Zip ties and shopping carts: Myths about sex trafficking make it harder to address real issue

The warning may have popped up on your TikTok or Facebook feed: be wary if you see a zip tie around your car door handle.
The alarmists posts claiming sex traffickers are putting zip ties on cars to mark potential victims have circulated social media since at least 2019. One post last month warned shoppers at a grocery stores to look out for markings on cars by traffickers. But the claim is a hoax.
The threat of sex trafficking, which affects millions of people worldwide, is real. But hoaxes and myths such as zip ties on cars give people a false sense the crime , experts said.
“The person who is going to attempt to sex traffic or labor traffic a person isn't going to put as a zip tie on your car,” said Dominique Roe-Sepowitz, an associate professor in the School of Social Work at Arizona State University. “They're going to try to befriend you or your children and they're going to build a relationship of trust and then they're going to exploit that person.
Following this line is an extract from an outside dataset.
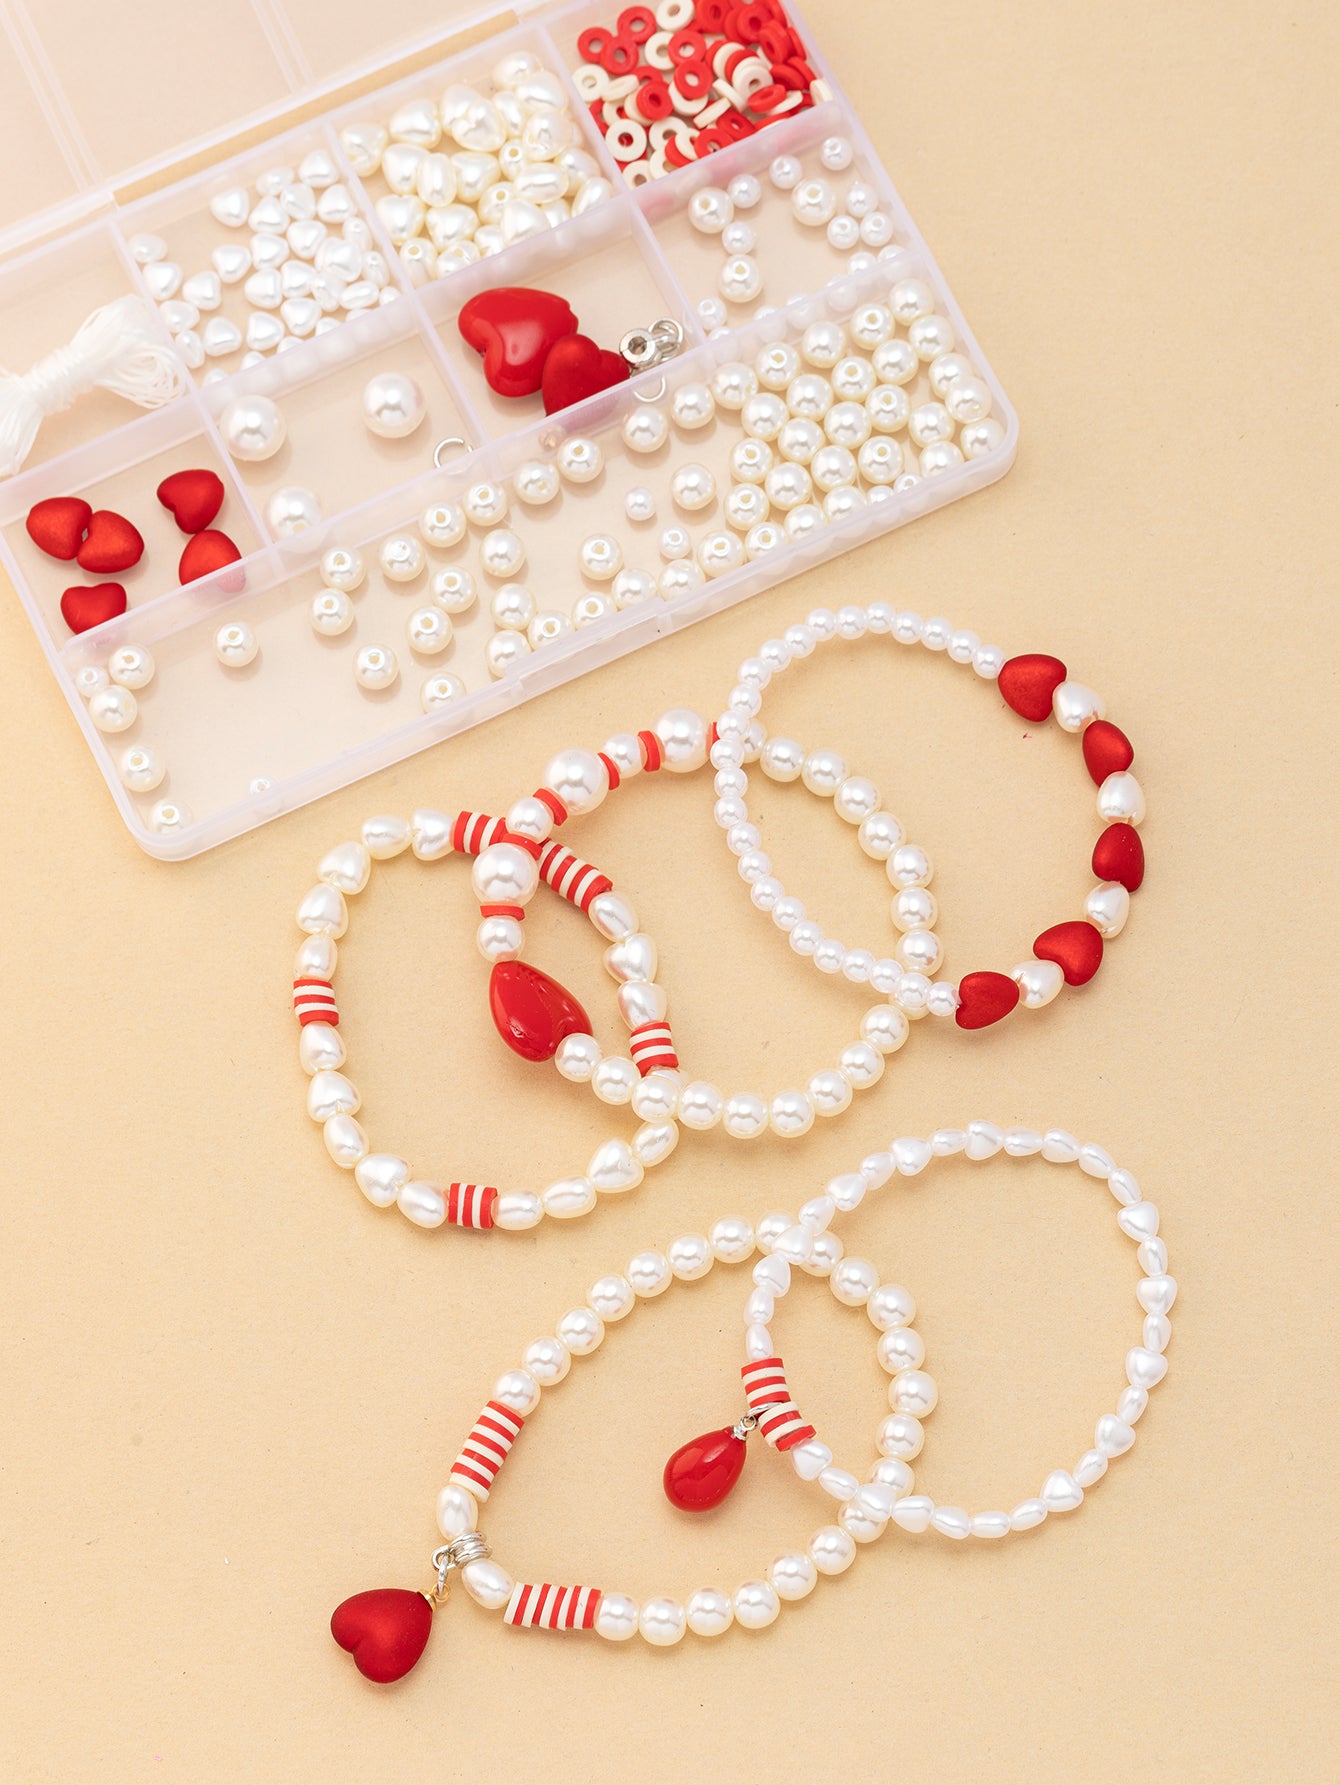 DIY boxed straight hole imitation pearl AB color diy handmade beaded loose bead material can be made finished necklace bracelet accessories

"These myths make us look in the absolute opposite direction of where we should be looking,” she said.
The FBI last month announced more than 200 sex trafficking victims, 84 of which were children, were found in a nationwide sweep, dubbed Operation Cross Country. The youngest victim was 11 years old.
More than half of all human trafficking victims identified in 2021 were children, according to the Human Trafficking Institute. Sex trafficking accounted for 92% of all human trafficking criminal cases filed last year.
The common perception of trafficking involves an abduction by a stranger, but most of the time the trafficker is someone the victim knows and has a relationship with, Roe-Sepowitz said.
Myths surrounding trafficking “make us distracted by the boogeyman idea when the traffickers are really trusted people — good looking interesting, charming people who have access to us or our children and figure out our vulnerabilities,” Roe-Sepowitz said.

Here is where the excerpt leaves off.